Many of us trust our gut feeling implicitly.
We have all been there when something didn’t feel right but done it anyway. There was nothing obvious to suggest that it was a bad idea. Yet, when it turns out to be a disaster we wonder why we didn’t listen to that gentle little voice: “don’t do it.”
It seems that our gut feel is some magical force, but actually, it is an accumulation of thousands of tiny past moments, all informing our current situation. You could say that gut feel is a personification of Big Data – you can’t always explain it, but you sense that there is great wisdom to be gained from listening to it.
This understanding is crucial to any data scientist seeking to influence their colleagues. They might view the data as being cold and clinical, preferring to rely on their own intuition, but in actual fact, their intuition is based on their own internal data. The difference is that Big Data can reference infinitely more external data than a human mind could ever process. If we see the capabilities of Big Data, its powers of intuition are far greater than any human.
We simply have to use it in tandem with our gut feel.
Experienced business people tend to favour decisions that align with their inner dialogue rather than challenging themselves with outcomes that don’t quite agree. When Big Data has been properly integrated into the business decision-making framework, the smart businesses will use it to refine their gut feel rather than replace it. Experienced business people are rarely wrong for a reason, but the range of outcomes could still vary from good to great.

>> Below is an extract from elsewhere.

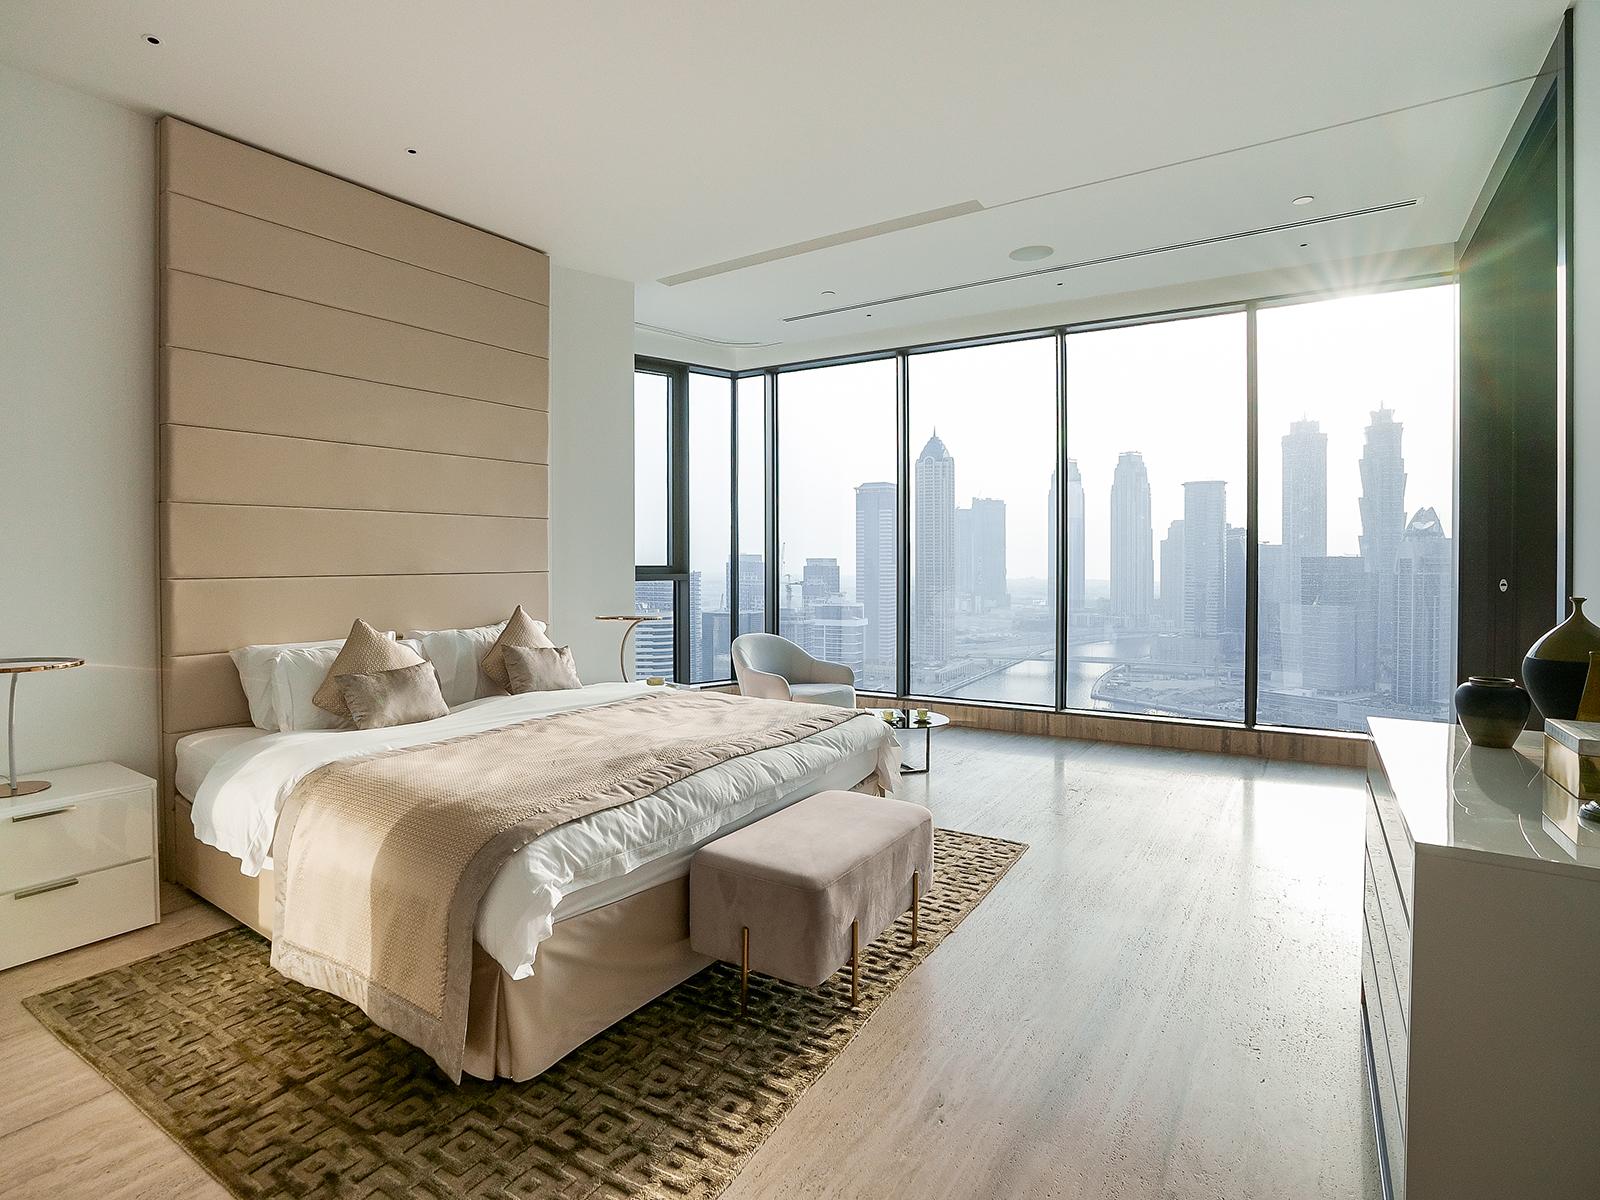 A penthouse bedroom with views of the Dubai skyline

Using Big Data will help their gut feeling to get as near to great as possible.
I suppose that only time will show how data science can work in tandem with our intuition. In a world that is moving scarily and swiftly towards amortality (super intelligent, biologically modified humans who can’t die unless they step under a bus). The days when we can flip the data switch to inform our decisions are not so far away. The fact that all that data lives in a computer at the moment makes it seem that little bit more foreign and lowers our level of trust. But, when we all adopt the data as our own, the floodgates of insight will open.

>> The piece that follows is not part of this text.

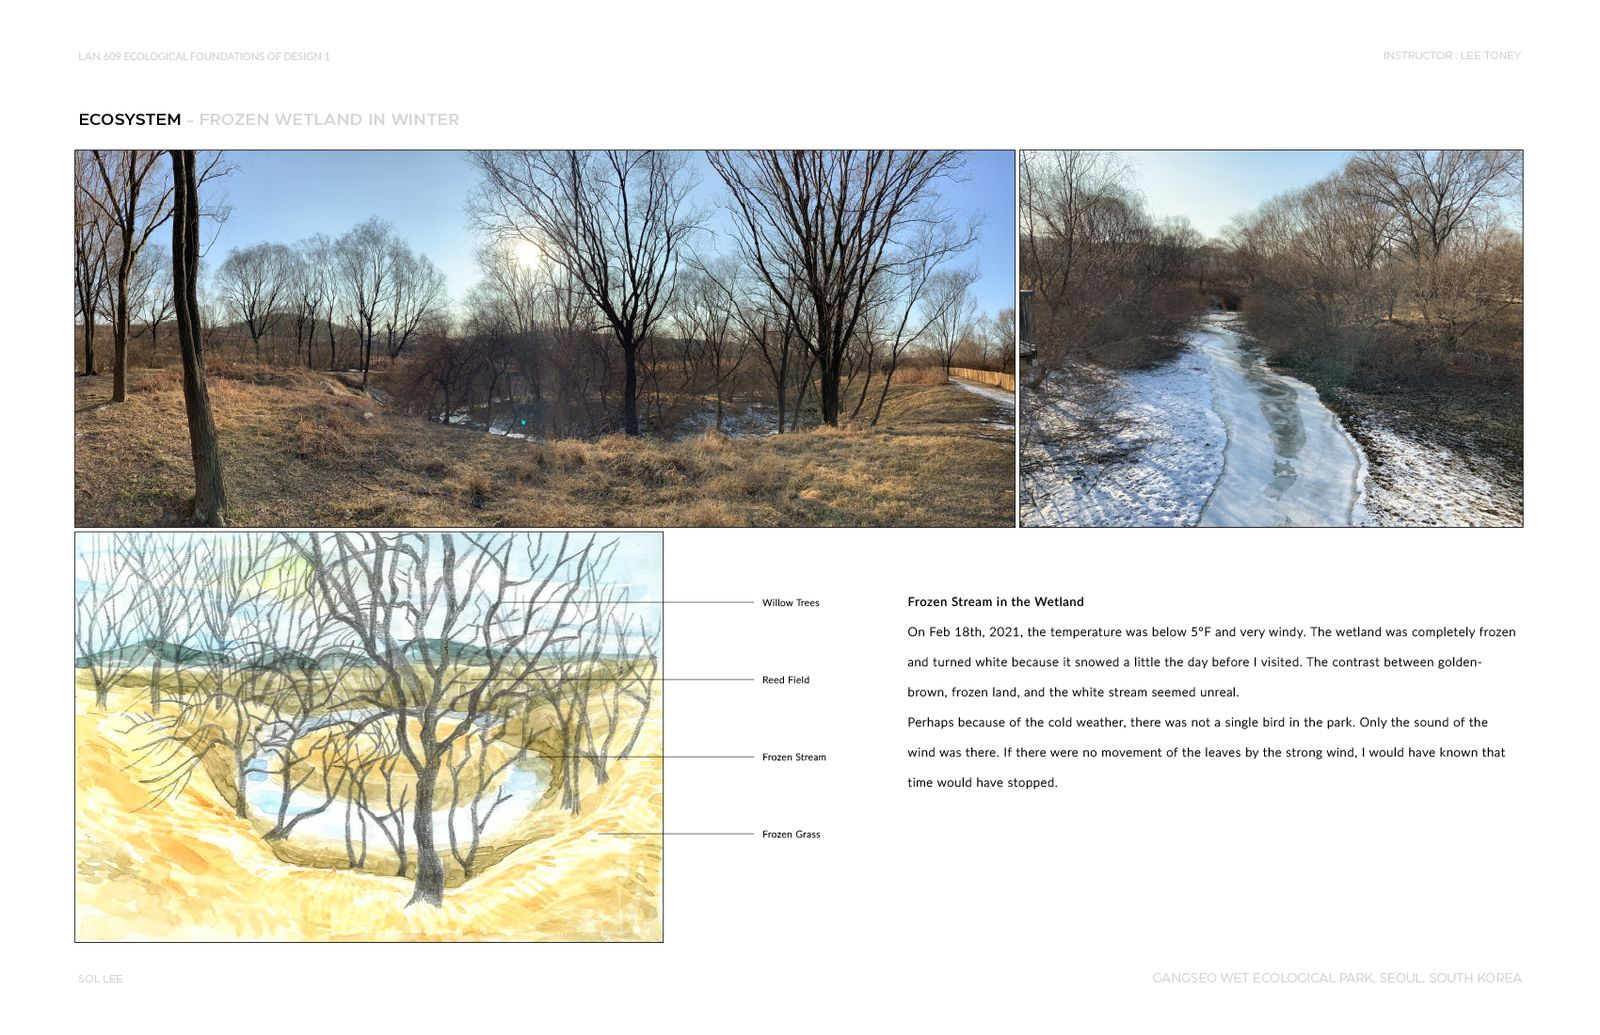 Gangseo Wet Ecology Park - Ecosystem - Frozen Wetland in Winter

I wouldn’t mind some giant leaps by big data in recruitment. Matching people with organisations (and the people within them) still remains a huge challenge, although there is surely a whole wealth of data out there that can help to inform better decisions. As a recruiter, my gut feel is what keeps my business moving, but I do my best to use all possible sources of data along the way. As the phrase goes “we are what we eat” – our behaviour defines who we are. When we can analyse and dissect this behaviour a little better, we will take a quantum leap in understanding each other.
Our gut will soon get a willing and very able assistant.